INSTRUCTIONS FOR THE TASK
Down to the final line, print each entry exactly.

----- DATASET CONTENT

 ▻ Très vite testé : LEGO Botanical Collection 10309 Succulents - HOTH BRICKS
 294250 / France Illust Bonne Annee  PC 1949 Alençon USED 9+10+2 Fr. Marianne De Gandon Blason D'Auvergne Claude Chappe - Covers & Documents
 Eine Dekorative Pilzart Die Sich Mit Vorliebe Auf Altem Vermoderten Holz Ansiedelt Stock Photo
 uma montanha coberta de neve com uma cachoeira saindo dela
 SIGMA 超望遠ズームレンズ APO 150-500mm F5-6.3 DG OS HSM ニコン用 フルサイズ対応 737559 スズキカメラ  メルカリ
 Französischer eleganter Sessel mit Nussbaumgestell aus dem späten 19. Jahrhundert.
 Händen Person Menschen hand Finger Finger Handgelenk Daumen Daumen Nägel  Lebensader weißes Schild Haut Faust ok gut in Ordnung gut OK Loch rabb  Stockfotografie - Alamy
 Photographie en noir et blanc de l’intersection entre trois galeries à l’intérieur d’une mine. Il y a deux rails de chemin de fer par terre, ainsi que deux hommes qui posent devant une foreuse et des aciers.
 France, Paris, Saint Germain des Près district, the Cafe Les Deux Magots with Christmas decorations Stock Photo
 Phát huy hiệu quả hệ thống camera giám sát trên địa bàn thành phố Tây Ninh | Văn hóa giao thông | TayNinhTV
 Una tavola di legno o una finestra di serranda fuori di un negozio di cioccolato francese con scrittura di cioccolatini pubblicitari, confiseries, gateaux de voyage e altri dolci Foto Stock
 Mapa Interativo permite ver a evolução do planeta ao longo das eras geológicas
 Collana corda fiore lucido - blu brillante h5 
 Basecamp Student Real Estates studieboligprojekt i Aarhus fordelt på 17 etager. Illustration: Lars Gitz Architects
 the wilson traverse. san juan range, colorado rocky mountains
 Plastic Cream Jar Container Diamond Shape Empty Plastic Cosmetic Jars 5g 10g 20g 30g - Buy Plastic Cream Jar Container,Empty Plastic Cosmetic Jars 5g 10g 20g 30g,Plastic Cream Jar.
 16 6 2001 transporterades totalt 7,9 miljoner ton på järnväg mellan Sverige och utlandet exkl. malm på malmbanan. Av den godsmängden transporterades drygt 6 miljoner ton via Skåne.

----------

SOLUTION BELOW
 ▻ Très vite testé : LEGO Botanical Collection 10309 Succulents - HOTH BRICKS
 294250 / France Illust Bonne Annee  PC 1949 Alençon USED 9+10+2 Fr. Marianne De Gandon Blason D'Auvergne Claude Chappe - Covers & Documents
 Eine Dekorative Pilzart Die Sich Mit Vorliebe Auf Altem Vermoderten Holz Ansiedelt Stock Photo
 uma montanha coberta de neve com uma cachoeira saindo dela
 SIGMA 超望遠ズームレンズ APO 150-500mm F5-6.3 DG OS HSM ニコン用 フルサイズ対応 737559 スズキカメラ  メルカリ
 Französischer eleganter Sessel mit Nussbaumgestell aus dem späten 19. Jahrhundert.
 Händen Person Menschen hand Finger Finger Handgelenk Daumen Daumen Nägel  Lebensader weißes Schild Haut Faust ok gut in Ordnung gut OK Loch rabb  Stockfotografie - Alamy
 Photographie en noir et blanc de l’intersection entre trois galeries à l’intérieur d’une mine. Il y a deux rails de chemin de fer par terre, ainsi que deux hommes qui posent devant une foreuse et des aciers.
 France, Paris, Saint Germain des Près district, the Cafe Les Deux Magots with Christmas decorations Stock Photo
 Phát huy hiệu quả hệ thống camera giám sát trên địa bàn thành phố Tây Ninh | Văn hóa giao thông | TayNinhTV
 Una tavola di legno o una finestra di serranda fuori di un negozio di cioccolato francese con scrittura di cioccolatini pubblicitari, confiseries, gateaux de voyage e altri dolci Foto Stock
 Mapa Interativo permite ver a evolução do planeta ao longo das eras geológicas
 Collana corda fiore lucido - blu brillante h5 
 Basecamp Student Real Estates studieboligprojekt i Aarhus fordelt på 17 etager. Illustration: Lars Gitz Architects
 the wilson traverse. san juan range, colorado rocky mountains
 Plastic Cream Jar Container Diamond Shape Empty Plastic Cosmetic Jars 5g 10g 20g 30g - Buy Plastic Cream Jar Container,Empty Plastic Cosmetic Jars 5g 10g 20g 30g,Plastic Cream Jar.
 16 6 2001 transporterades totalt 7,9 miljoner ton på järnväg mellan Sverige och utlandet exkl. malm på malmbanan. Av den godsmängden transporterades drygt 6 miljoner ton via Skåne.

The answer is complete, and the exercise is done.